• **Available data**
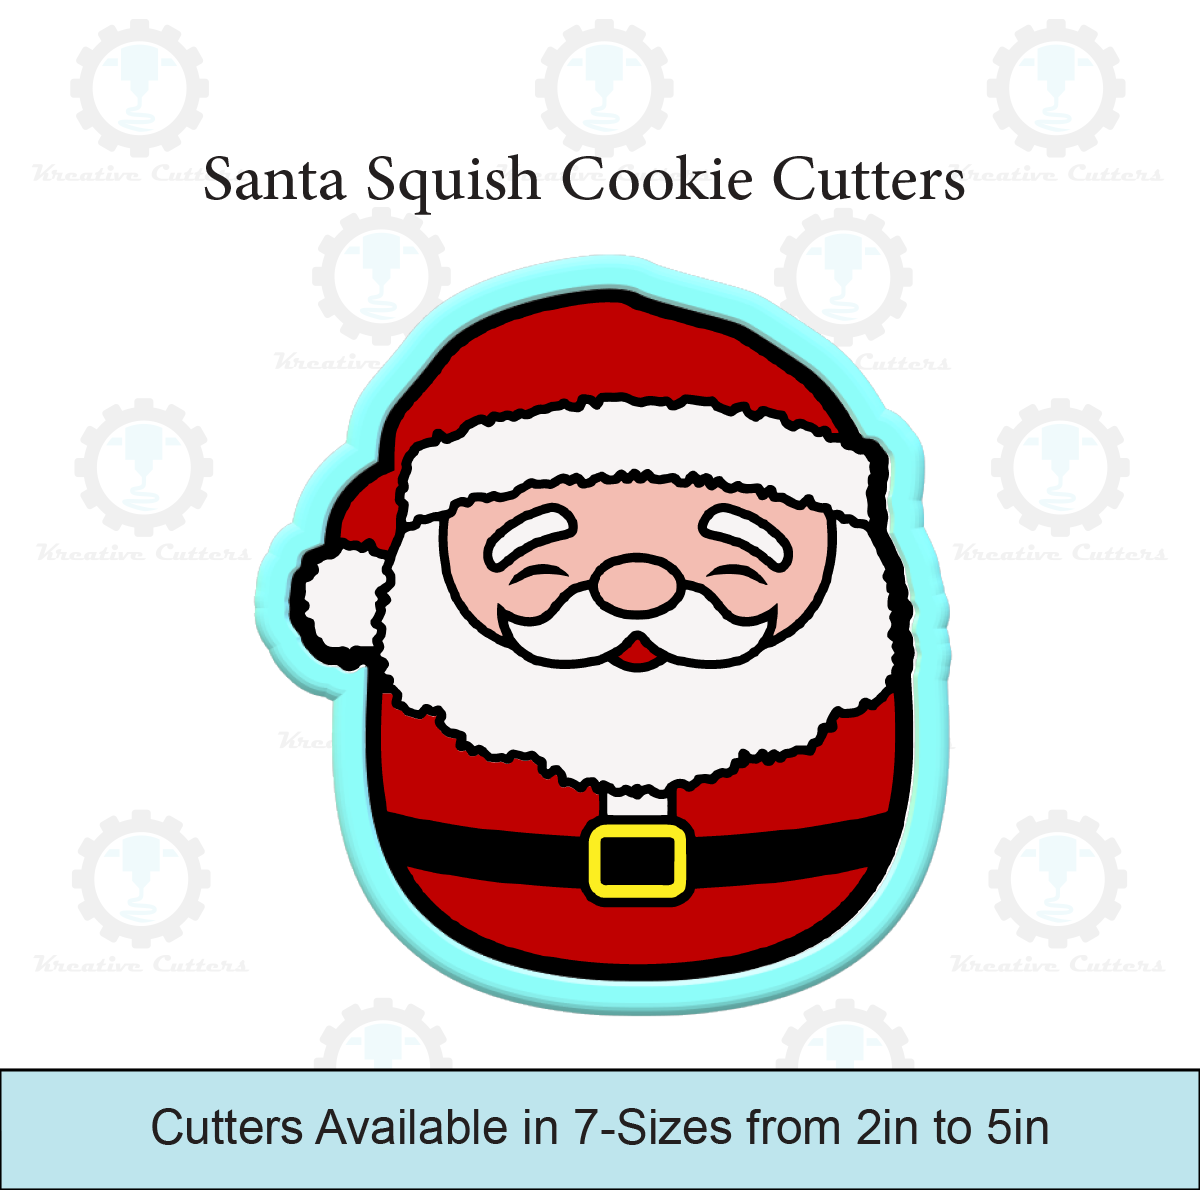 Santa Squish Cookie Cutters
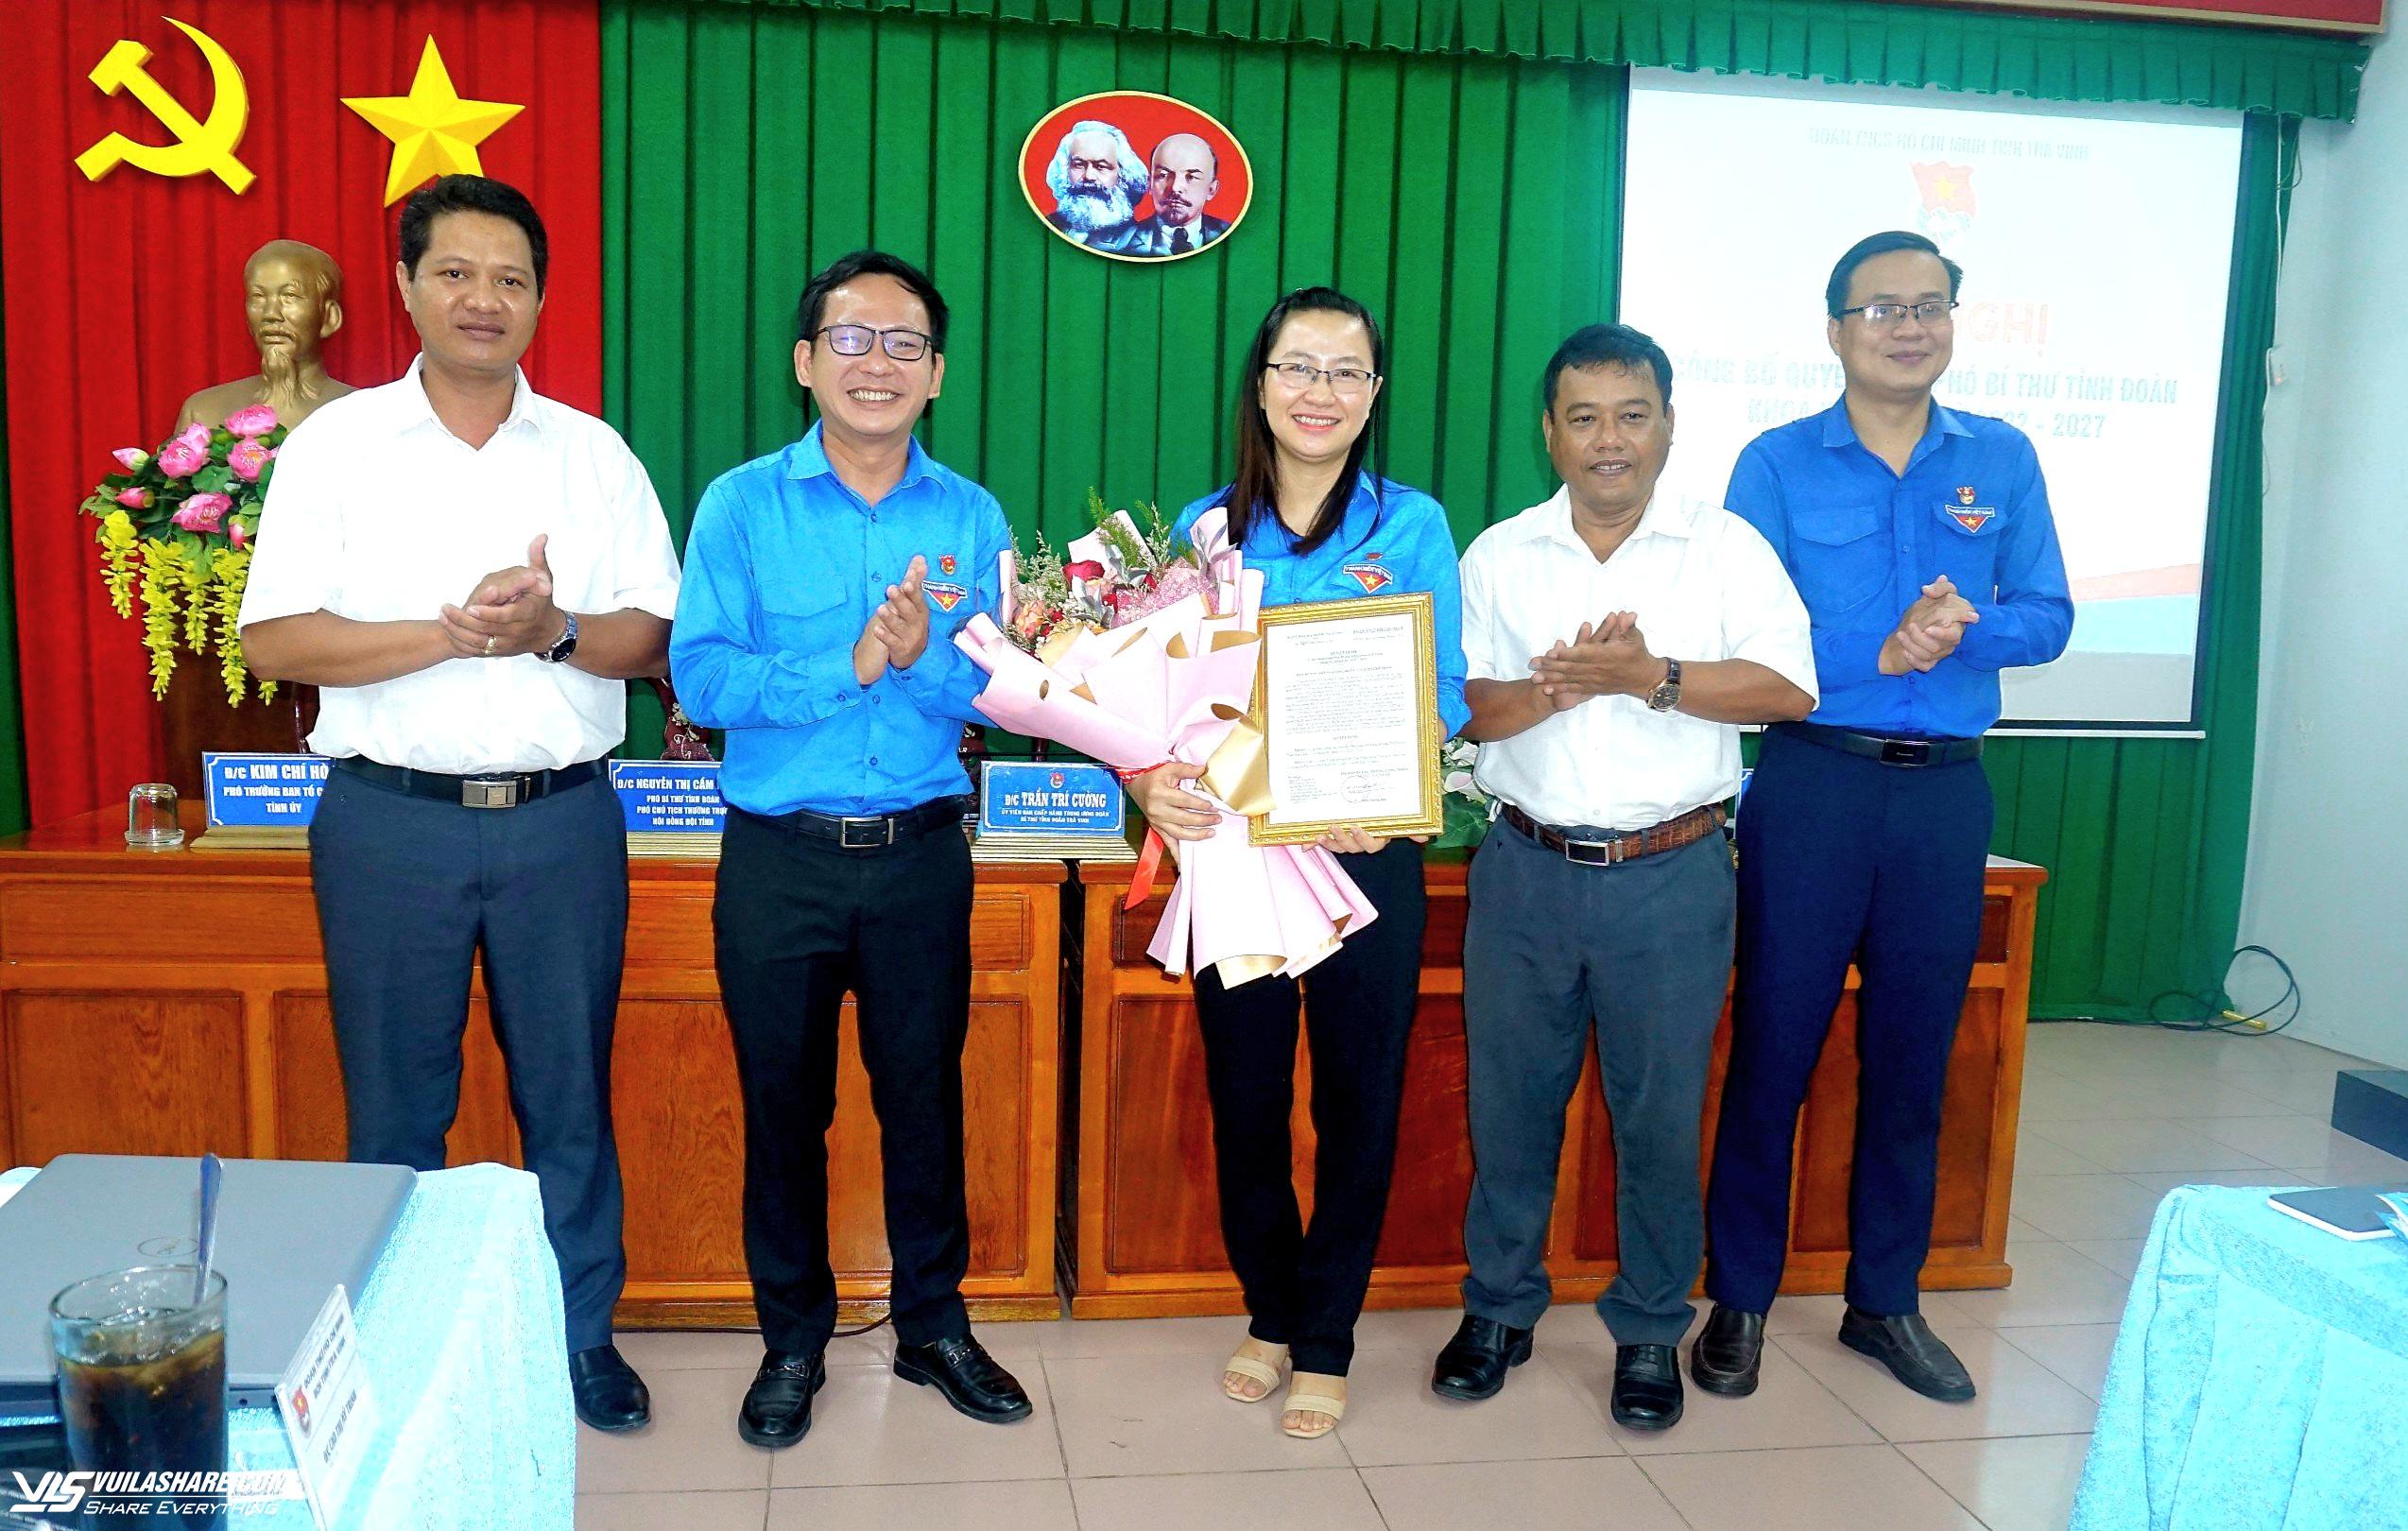 Chị Nguyễn Thị Cẩm Hương được bầu làm Phó bí thư Tỉnh đoàn Trà Vinh - Ảnh 1.
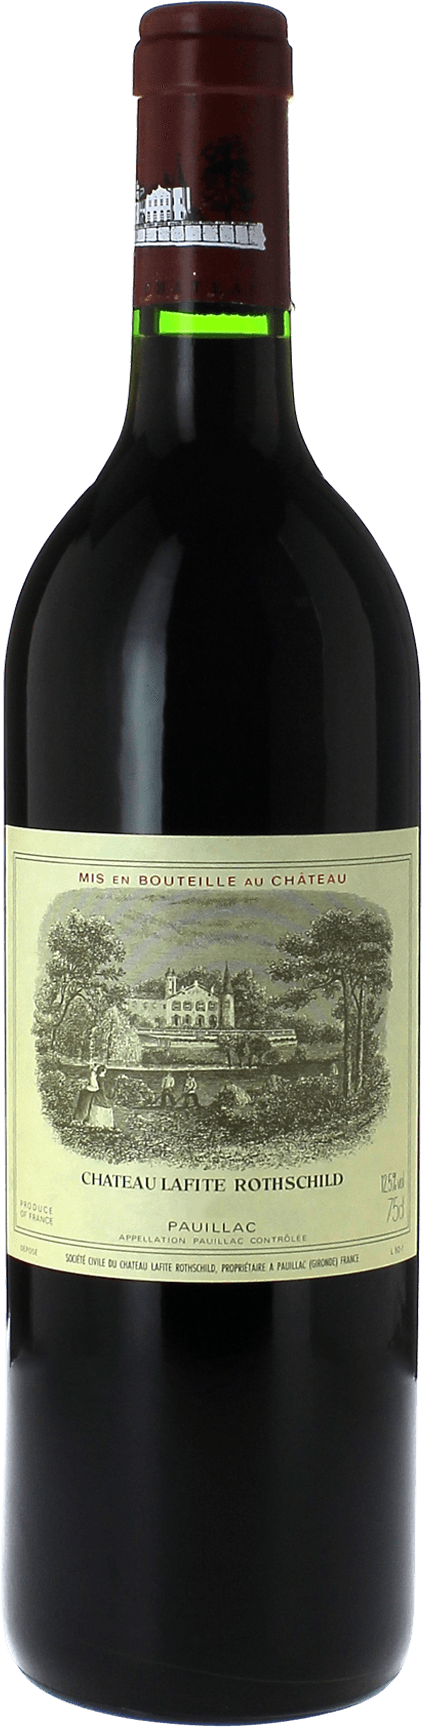 Lafite rothschild 1996 1er Grand cru class Pauillac, Bordeaux rouge
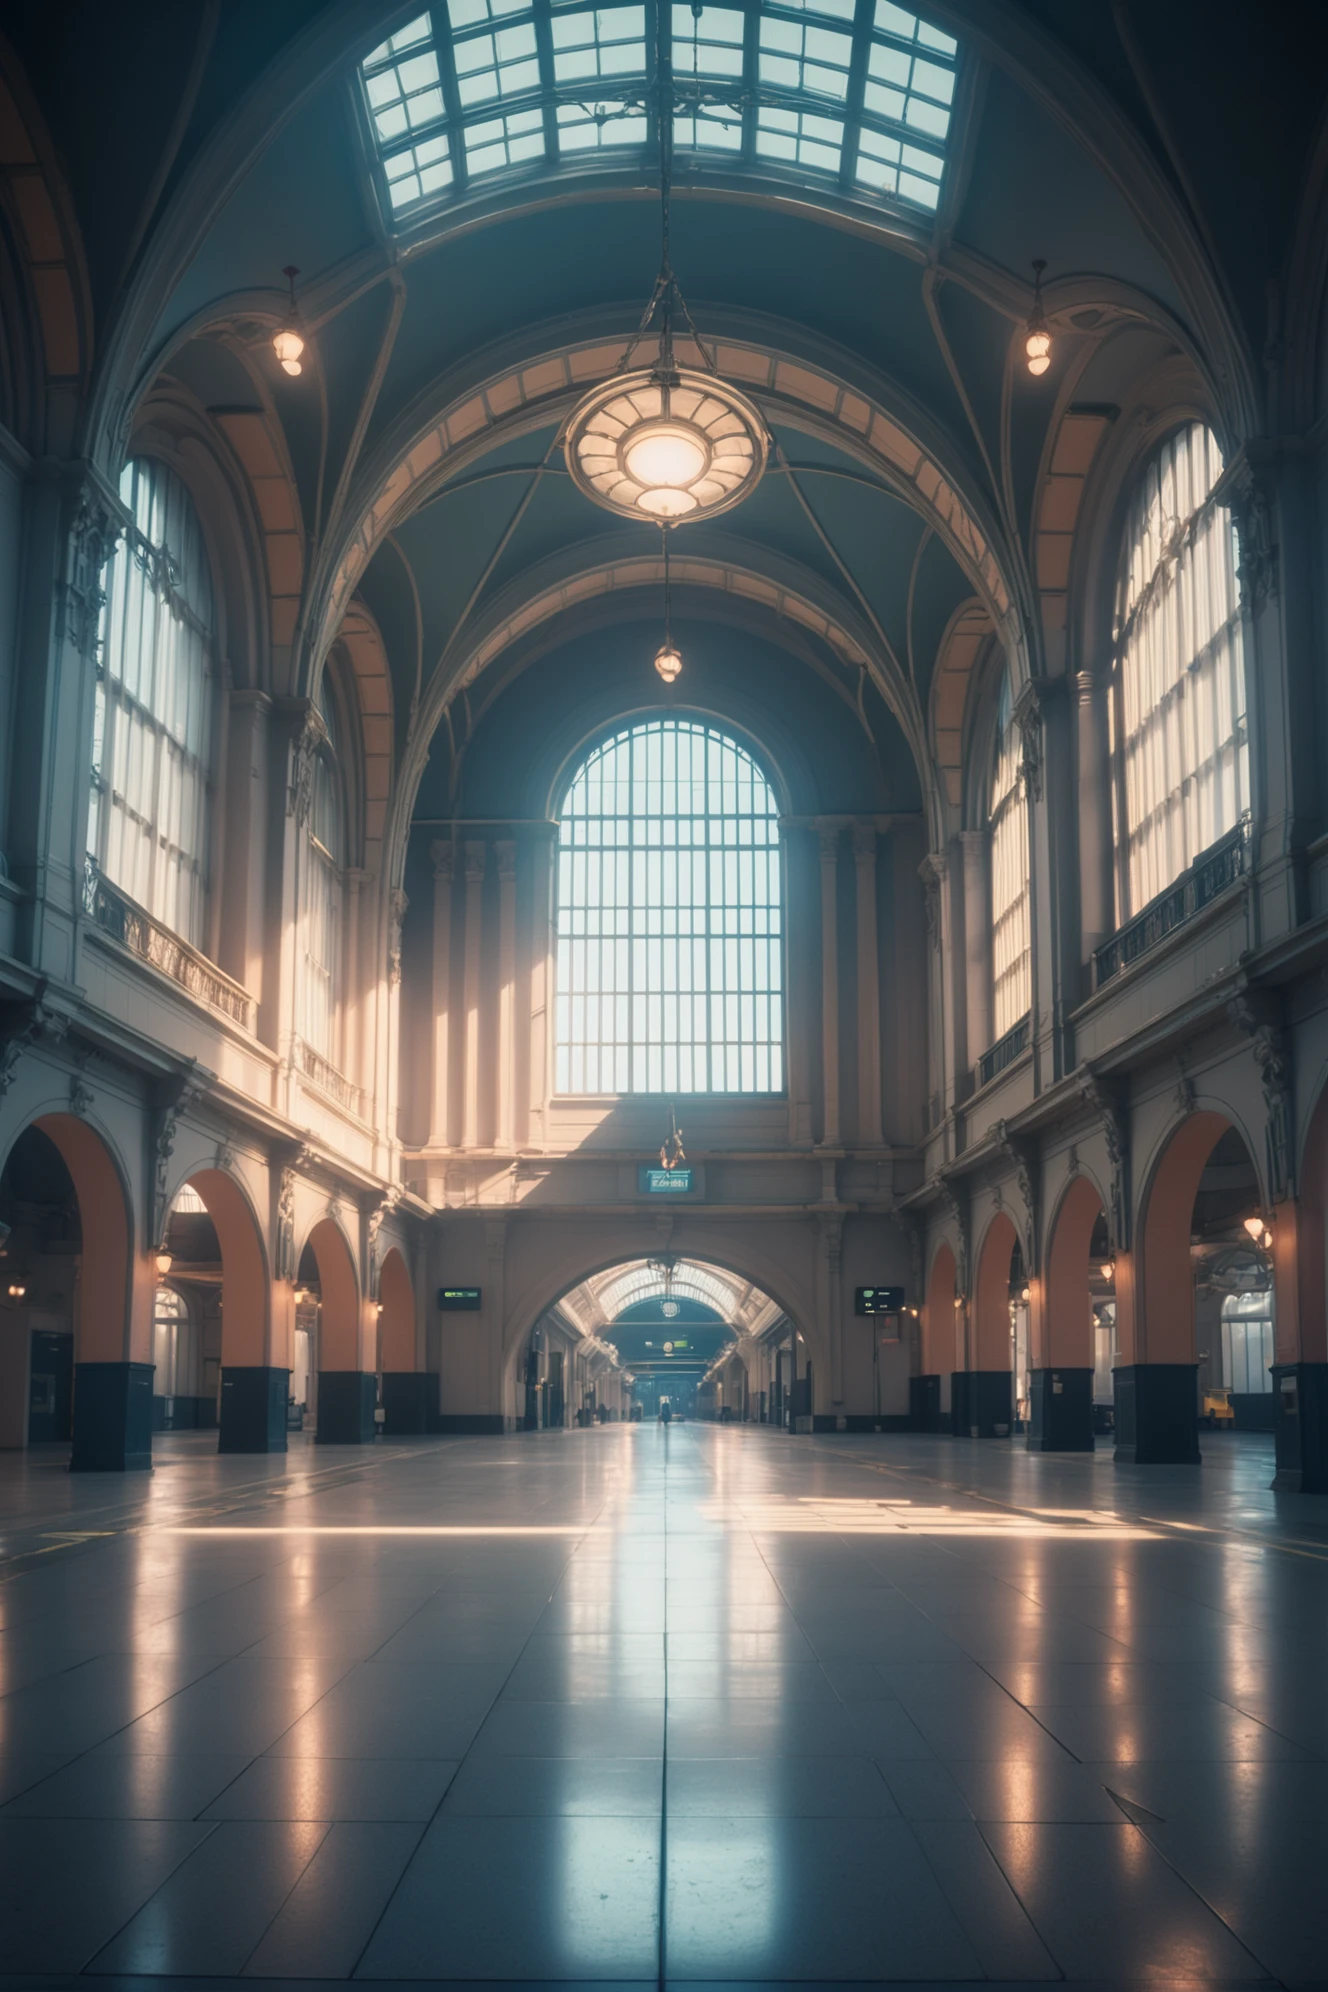 照片, 电影调色, 科幻, 历史悠久的火车站大厅空无一人,时间之初光芒四射的奇幻都市, 杰作

• **What to work on**
The full text of the data above, exact and without pictures, is what to return.

• **Worked solution**
 Santa Squish Cookie Cutters
 Chị Nguyễn Thị Cẩm Hương được bầu làm Phó bí thư Tỉnh đoàn Trà Vinh - Ảnh 1.
 Lafite rothschild 1996 1er Grand cru class Pauillac, Bordeaux rouge
 照片, 电影调色, 科幻, 历史悠久的火车站大厅空无一人,时间之初光芒四射的奇幻都市, 杰作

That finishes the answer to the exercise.